= DATA FOR REVIEW =
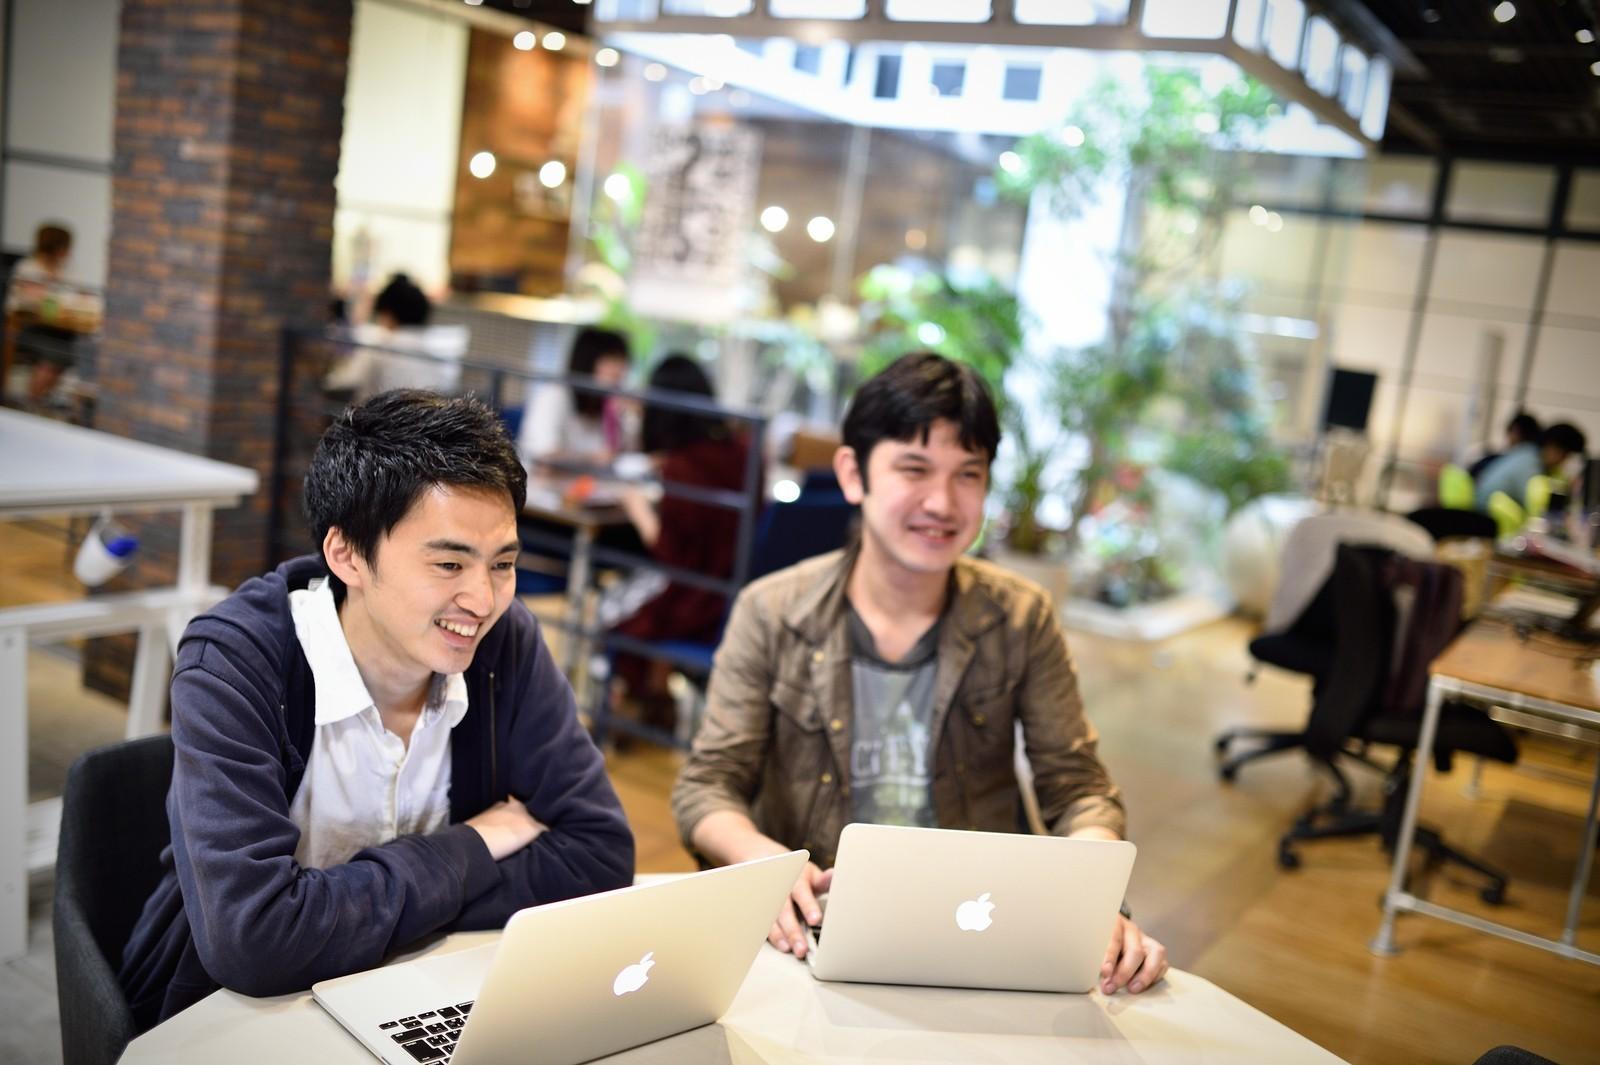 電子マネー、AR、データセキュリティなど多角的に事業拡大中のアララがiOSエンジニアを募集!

---

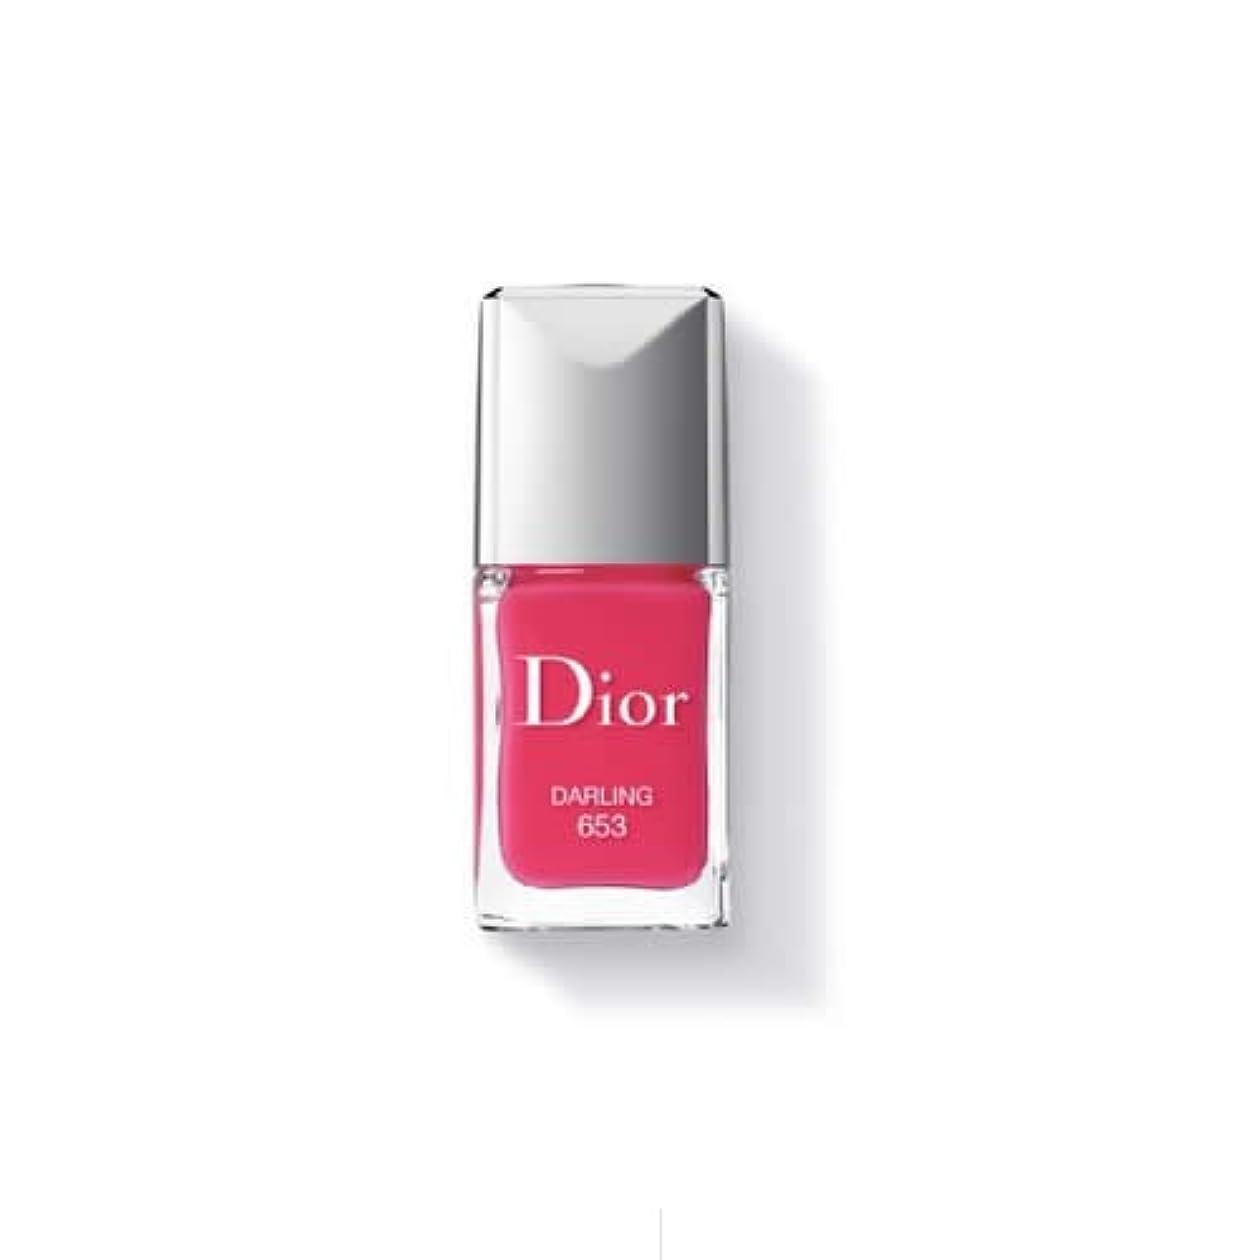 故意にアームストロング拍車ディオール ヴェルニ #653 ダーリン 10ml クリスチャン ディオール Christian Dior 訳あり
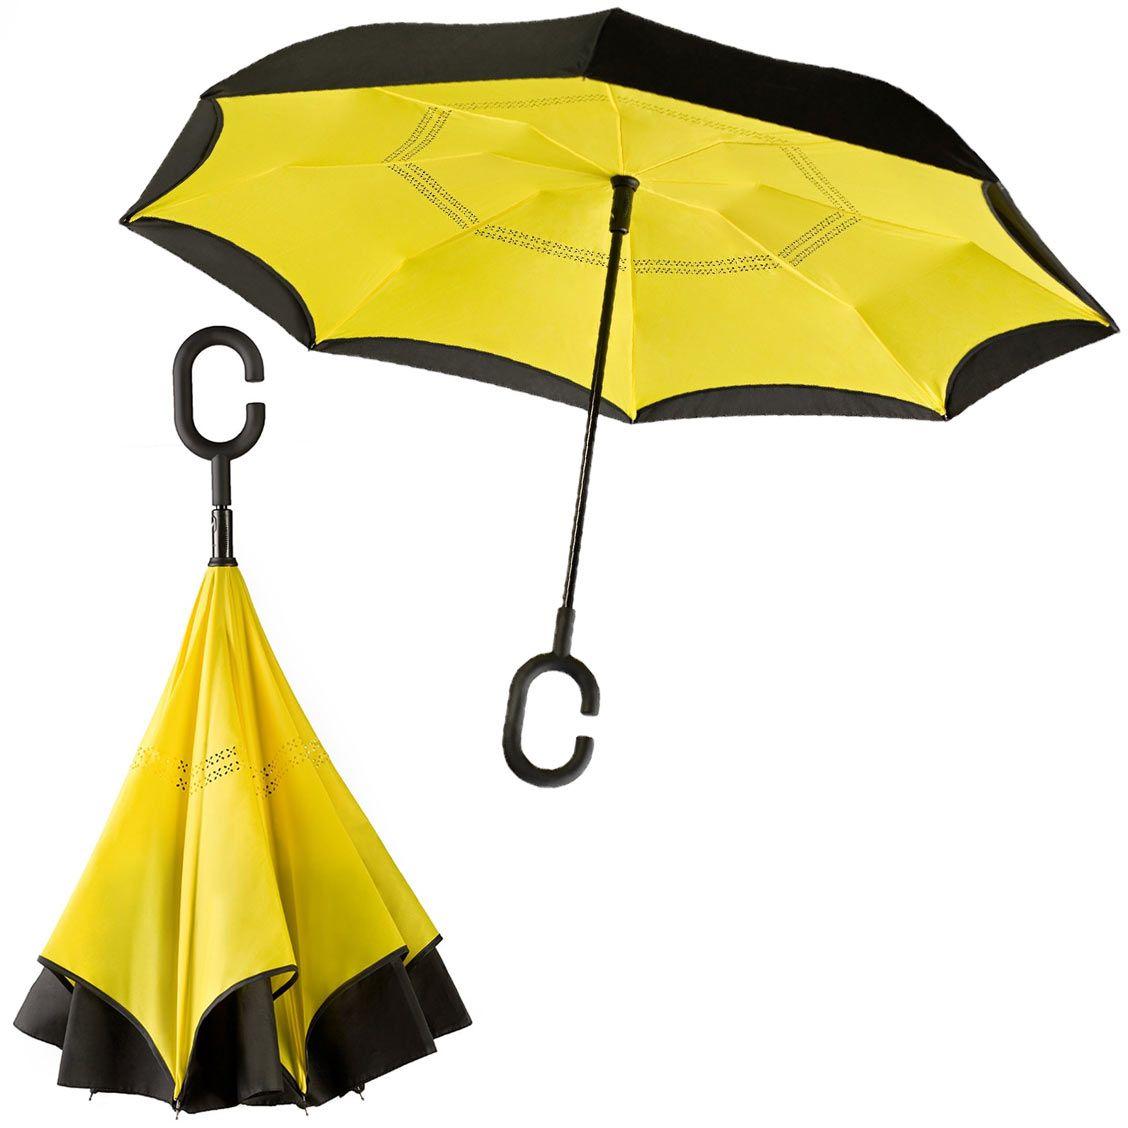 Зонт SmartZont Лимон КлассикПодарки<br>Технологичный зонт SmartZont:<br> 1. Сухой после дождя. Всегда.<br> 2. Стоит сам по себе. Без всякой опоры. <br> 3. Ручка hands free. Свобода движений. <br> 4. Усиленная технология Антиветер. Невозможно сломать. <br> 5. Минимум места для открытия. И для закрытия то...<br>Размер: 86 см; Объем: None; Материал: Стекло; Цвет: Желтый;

...

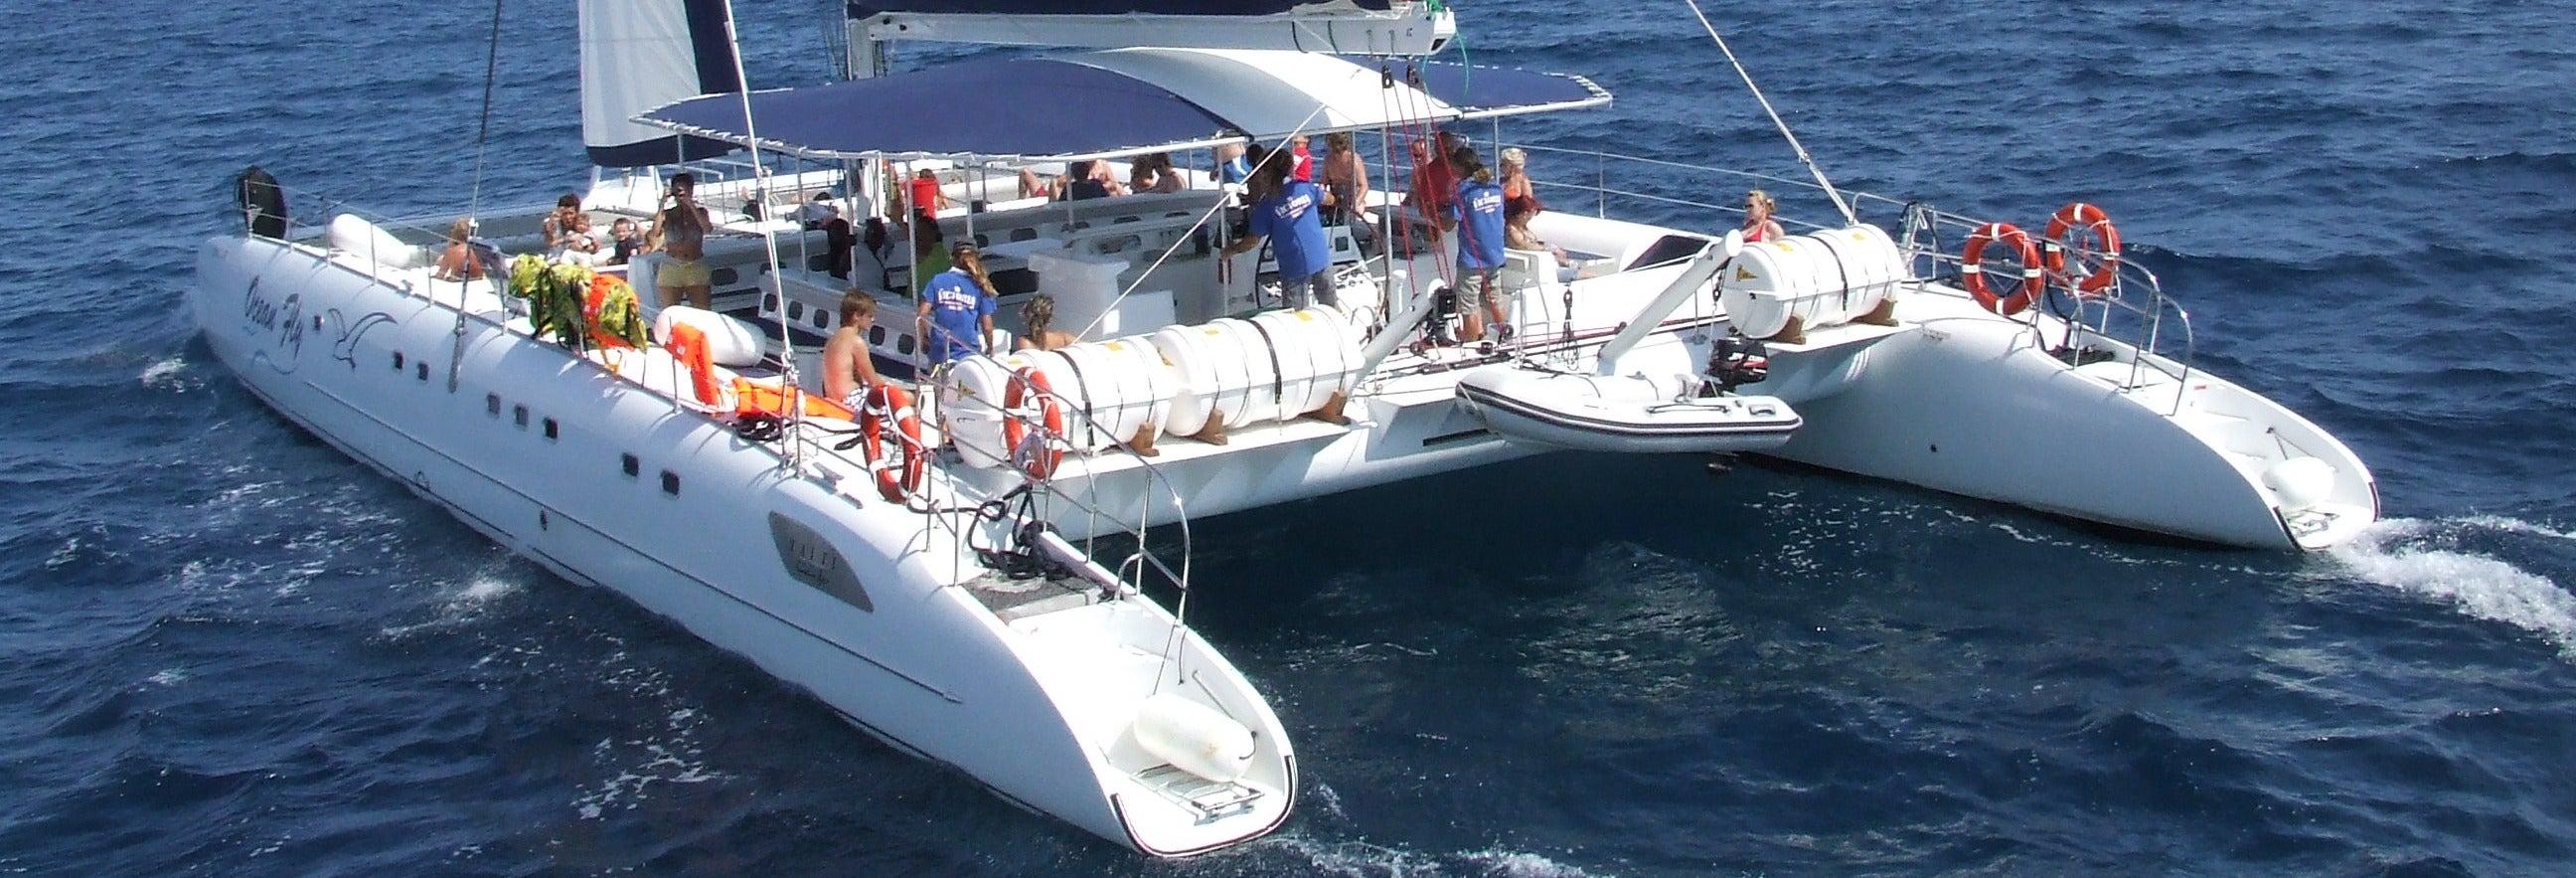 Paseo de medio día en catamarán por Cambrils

= WHAT YOU WILL DO =
Print, exactly, each line above from the one with "故意にアームストロング拍車ディオール ヴェルニ #653" to the one with "Зонт SmartZont Лимон", end lines included. Leave pictures out of it.

= SOLUTION TO THIS TASK =
 故意にアームストロング拍車ディオール ヴェルニ #653 ダーリン 10ml クリスチャン ディオール Christian Dior 訳あり
 Зонт SmartZont Лимон КлассикПодарки<br>Технологичный зонт SmartZont:<br> 1. Сухой после дождя. Всегда.<br> 2. Стоит сам по себе. Без всякой опоры. <br> 3. Ручка hands free. Свобода движений. <br> 4. Усиленная технология Антиветер. Невозможно сломать. <br> 5. Минимум места для открытия. И для закрытия то...<br>Размер: 86 см; Объем: None; Материал: Стекло; Цвет: Желтый;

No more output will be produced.